Work item:
Write every line below out again exactly, images omitted.

Collected data:

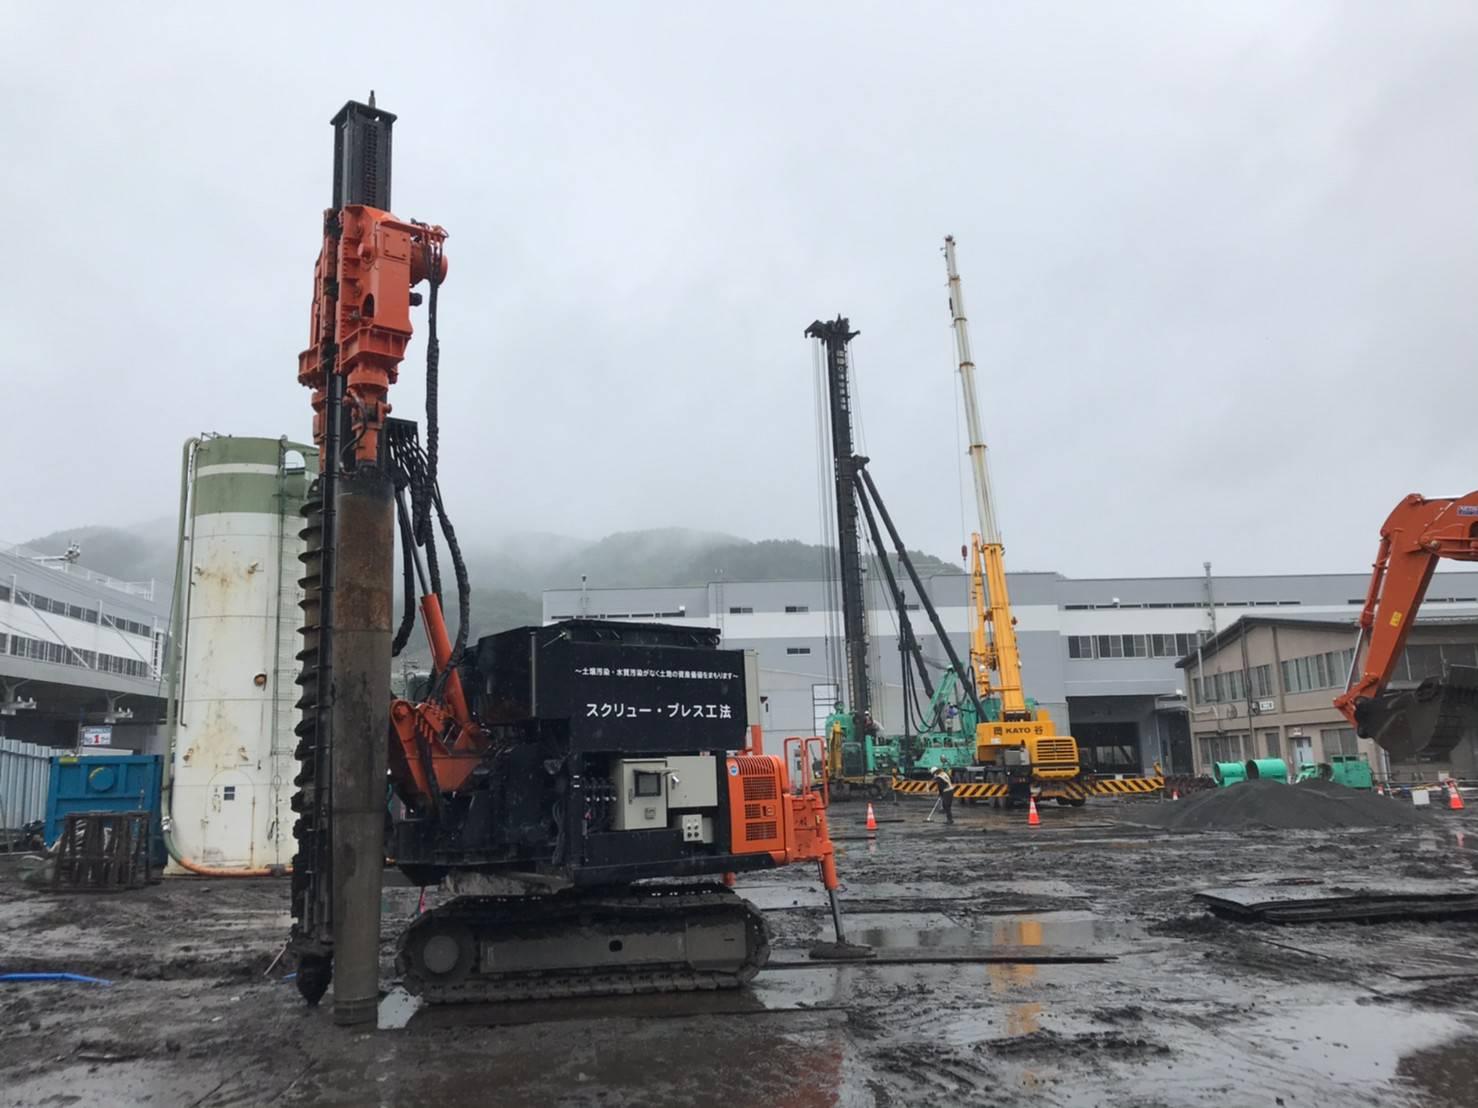 杭打機のトラフィカビリティ確保地盤補強工事
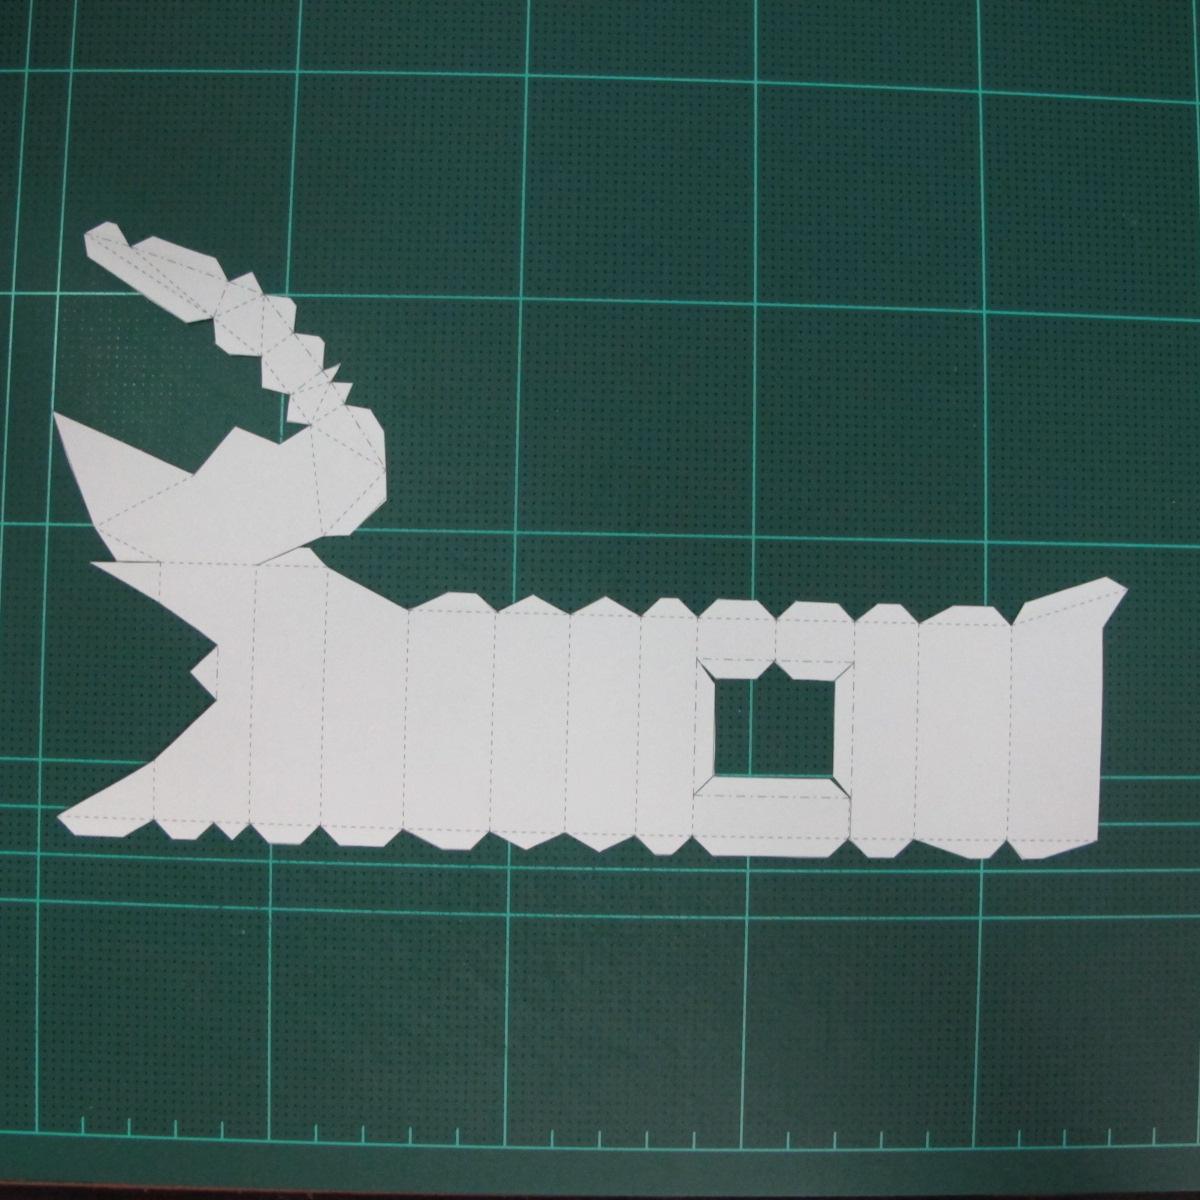 วิธีทำโมเดลกระดาษตุ้กตา คุกกี้สาวผู้ร่าเริง จากเกมส์คุกกี้รัน (LINE Cookie Run – Bright Cookie Papercraft Model) 005
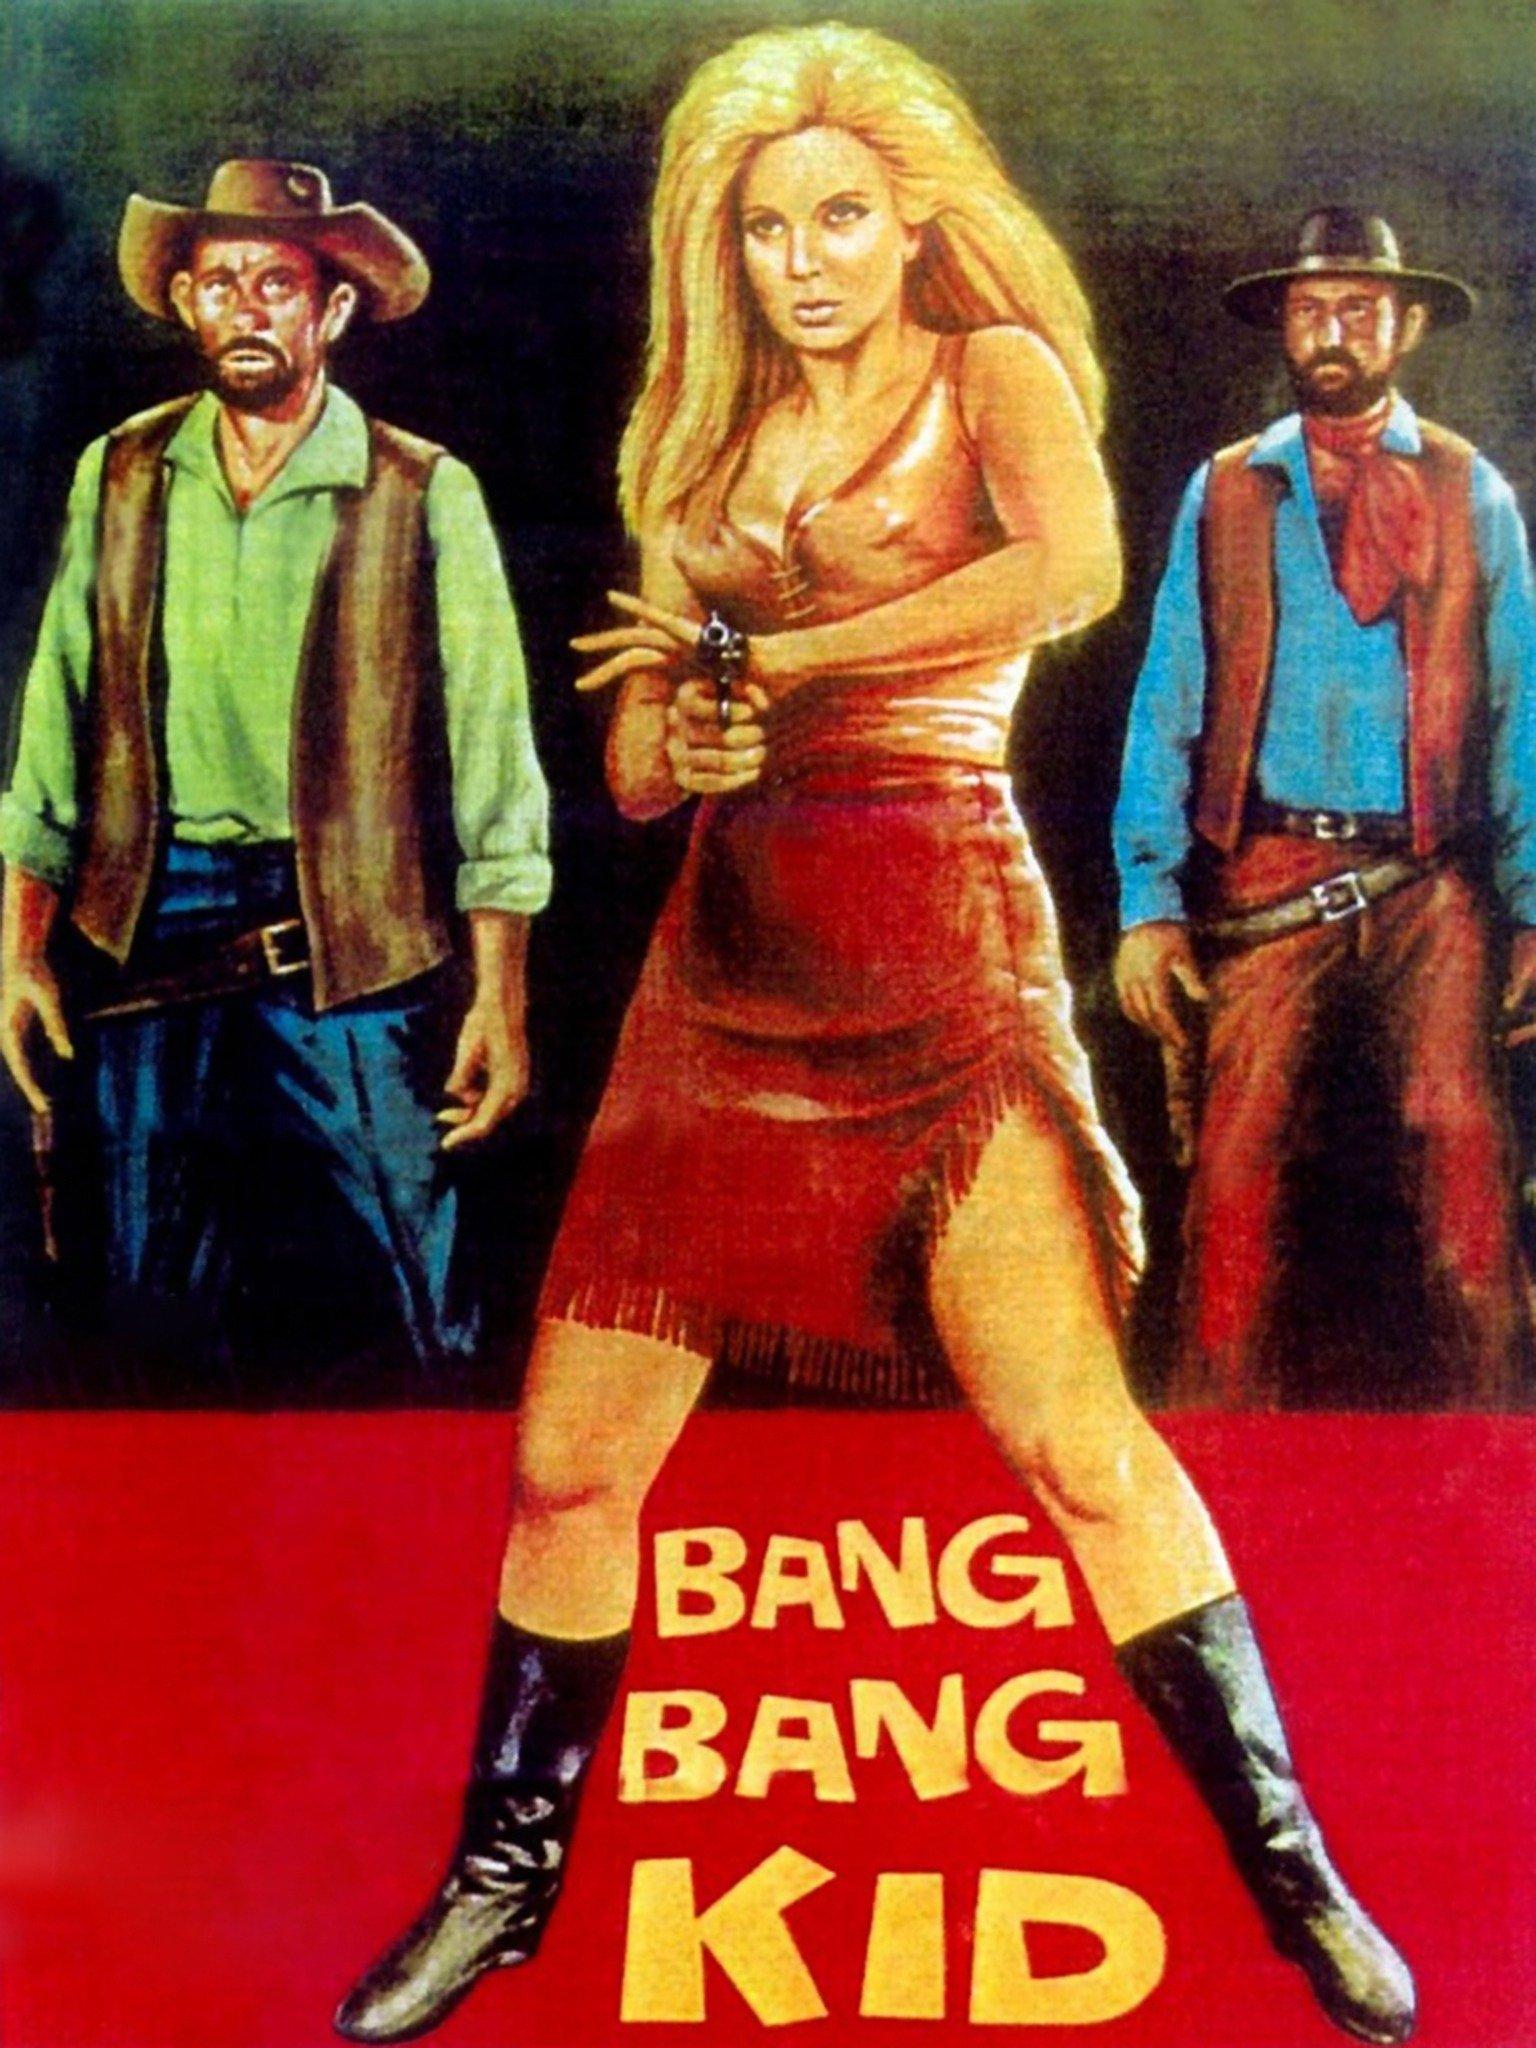 The Bang Bang Kid
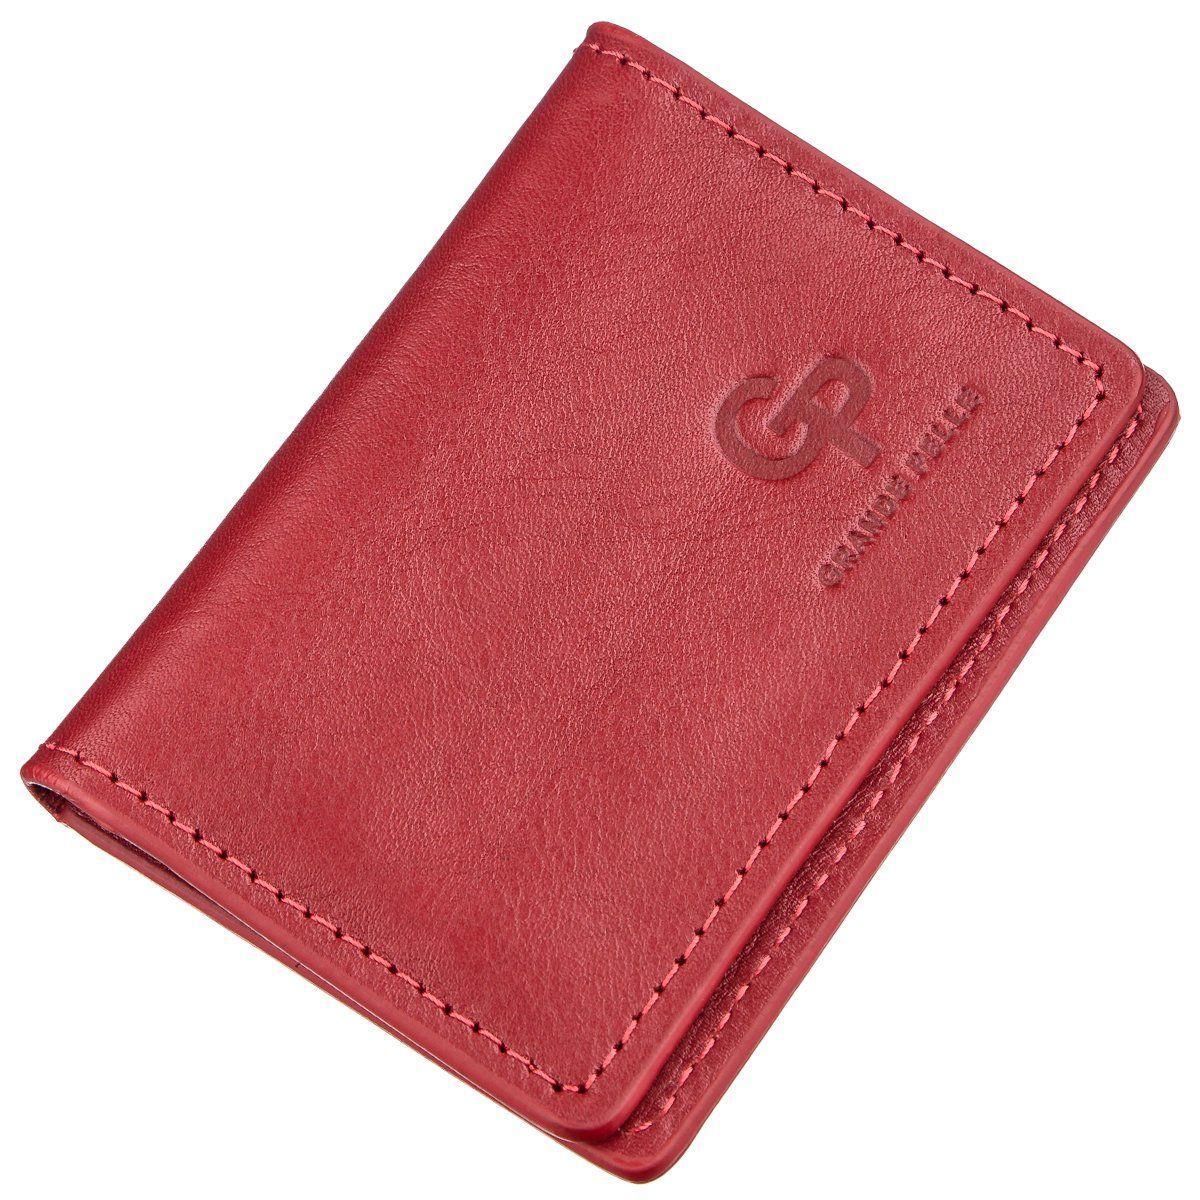 Обложка Для Водительских Прав Кожаная Grande Pelle 11188 Красная, Красный

Response below:
 杭打機のトラフィカビリティ確保地盤補強工事
 วิธีทำโมเดลกระดาษตุ้กตา คุกกี้สาวผู้ร่าเริง จากเกมส์คุกกี้รัน (LINE Cookie Run – Bright Cookie Papercraft Model) 005
 The Bang Bang Kid
 Обложка Для Водительских Прав Кожаная Grande Pelle 11188 Красная, Красный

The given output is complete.